(Beginning of The data)

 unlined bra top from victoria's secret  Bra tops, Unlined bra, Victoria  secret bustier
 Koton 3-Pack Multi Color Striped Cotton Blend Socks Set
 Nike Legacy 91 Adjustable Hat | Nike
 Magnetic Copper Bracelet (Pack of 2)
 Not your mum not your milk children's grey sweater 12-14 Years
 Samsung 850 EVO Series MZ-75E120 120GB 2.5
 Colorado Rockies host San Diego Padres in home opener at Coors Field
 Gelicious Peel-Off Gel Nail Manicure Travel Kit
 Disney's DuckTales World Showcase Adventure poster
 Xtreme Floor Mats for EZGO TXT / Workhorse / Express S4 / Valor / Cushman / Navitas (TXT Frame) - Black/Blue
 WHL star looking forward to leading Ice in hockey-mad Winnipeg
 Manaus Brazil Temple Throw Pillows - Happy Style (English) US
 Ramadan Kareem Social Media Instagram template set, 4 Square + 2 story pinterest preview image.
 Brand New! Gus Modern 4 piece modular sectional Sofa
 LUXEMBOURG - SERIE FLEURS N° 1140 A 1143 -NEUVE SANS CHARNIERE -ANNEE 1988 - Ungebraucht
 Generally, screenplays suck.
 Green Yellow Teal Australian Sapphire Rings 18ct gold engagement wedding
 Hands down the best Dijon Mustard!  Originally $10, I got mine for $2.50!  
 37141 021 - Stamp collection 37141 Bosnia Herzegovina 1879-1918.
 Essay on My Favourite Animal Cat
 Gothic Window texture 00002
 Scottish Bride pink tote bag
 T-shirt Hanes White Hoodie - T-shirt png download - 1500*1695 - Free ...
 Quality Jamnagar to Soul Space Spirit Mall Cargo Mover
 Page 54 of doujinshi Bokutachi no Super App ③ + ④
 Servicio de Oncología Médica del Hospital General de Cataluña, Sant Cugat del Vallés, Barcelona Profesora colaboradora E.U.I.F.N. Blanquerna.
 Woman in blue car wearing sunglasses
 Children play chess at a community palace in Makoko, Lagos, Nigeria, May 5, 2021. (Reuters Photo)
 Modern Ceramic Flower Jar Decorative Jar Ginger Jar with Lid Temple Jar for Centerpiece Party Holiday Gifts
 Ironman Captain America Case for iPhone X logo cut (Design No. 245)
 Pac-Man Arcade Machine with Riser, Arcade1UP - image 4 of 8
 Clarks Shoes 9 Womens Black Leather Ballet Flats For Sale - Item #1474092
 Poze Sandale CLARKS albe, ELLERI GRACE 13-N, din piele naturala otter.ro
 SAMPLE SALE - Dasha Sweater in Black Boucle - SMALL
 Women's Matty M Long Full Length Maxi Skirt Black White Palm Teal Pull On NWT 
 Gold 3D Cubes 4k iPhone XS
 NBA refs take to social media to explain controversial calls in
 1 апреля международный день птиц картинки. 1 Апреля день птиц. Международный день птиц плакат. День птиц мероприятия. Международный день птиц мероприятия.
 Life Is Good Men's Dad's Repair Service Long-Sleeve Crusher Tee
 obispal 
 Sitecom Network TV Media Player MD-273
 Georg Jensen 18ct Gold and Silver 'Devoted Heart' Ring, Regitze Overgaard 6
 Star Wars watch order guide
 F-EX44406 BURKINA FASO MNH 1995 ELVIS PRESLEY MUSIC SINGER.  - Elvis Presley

(End of The data)

• Prompt: An exact repeat of all the entries above is required.

• Response to the task:
 unlined bra top from victoria's secret  Bra tops, Unlined bra, Victoria  secret bustier
 Koton 3-Pack Multi Color Striped Cotton Blend Socks Set
 Nike Legacy 91 Adjustable Hat | Nike
 Magnetic Copper Bracelet (Pack of 2)
 Not your mum not your milk children's grey sweater 12-14 Years
 Samsung 850 EVO Series MZ-75E120 120GB 2.5
 Colorado Rockies host San Diego Padres in home opener at Coors Field
 Gelicious Peel-Off Gel Nail Manicure Travel Kit
 Disney's DuckTales World Showcase Adventure poster
 Xtreme Floor Mats for EZGO TXT / Workhorse / Express S4 / Valor / Cushman / Navitas (TXT Frame) - Black/Blue
 WHL star looking forward to leading Ice in hockey-mad Winnipeg
 Manaus Brazil Temple Throw Pillows - Happy Style (English) US
 Ramadan Kareem Social Media Instagram template set, 4 Square + 2 story pinterest preview image.
 Brand New! Gus Modern 4 piece modular sectional Sofa
 LUXEMBOURG - SERIE FLEURS N° 1140 A 1143 -NEUVE SANS CHARNIERE -ANNEE 1988 - Ungebraucht
 Generally, screenplays suck.
 Green Yellow Teal Australian Sapphire Rings 18ct gold engagement wedding
 Hands down the best Dijon Mustard!  Originally $10, I got mine for $2.50!  
 37141 021 - Stamp collection 37141 Bosnia Herzegovina 1879-1918.
 Essay on My Favourite Animal Cat
 Gothic Window texture 00002
 Scottish Bride pink tote bag
 T-shirt Hanes White Hoodie - T-shirt png download - 1500*1695 - Free ...
 Quality Jamnagar to Soul Space Spirit Mall Cargo Mover
 Page 54 of doujinshi Bokutachi no Super App ③ + ④
 Servicio de Oncología Médica del Hospital General de Cataluña, Sant Cugat del Vallés, Barcelona Profesora colaboradora E.U.I.F.N. Blanquerna.
 Woman in blue car wearing sunglasses
 Children play chess at a community palace in Makoko, Lagos, Nigeria, May 5, 2021. (Reuters Photo)
 Modern Ceramic Flower Jar Decorative Jar Ginger Jar with Lid Temple Jar for Centerpiece Party Holiday Gifts
 Ironman Captain America Case for iPhone X logo cut (Design No. 245)
 Pac-Man Arcade Machine with Riser, Arcade1UP - image 4 of 8
 Clarks Shoes 9 Womens Black Leather Ballet Flats For Sale - Item #1474092
 Poze Sandale CLARKS albe, ELLERI GRACE 13-N, din piele naturala otter.ro
 SAMPLE SALE - Dasha Sweater in Black Boucle - SMALL
 Women's Matty M Long Full Length Maxi Skirt Black White Palm Teal Pull On NWT 
 Gold 3D Cubes 4k iPhone XS
 NBA refs take to social media to explain controversial calls in
 1 апреля международный день птиц картинки. 1 Апреля день птиц. Международный день птиц плакат. День птиц мероприятия. Международный день птиц мероприятия.
 Life Is Good Men's Dad's Repair Service Long-Sleeve Crusher Tee
 obispal 
 Sitecom Network TV Media Player MD-273
 Georg Jensen 18ct Gold and Silver 'Devoted Heart' Ring, Regitze Overgaard 6
 Star Wars watch order guide
 F-EX44406 BURKINA FASO MNH 1995 ELVIS PRESLEY MUSIC SINGER.  - Elvis Presley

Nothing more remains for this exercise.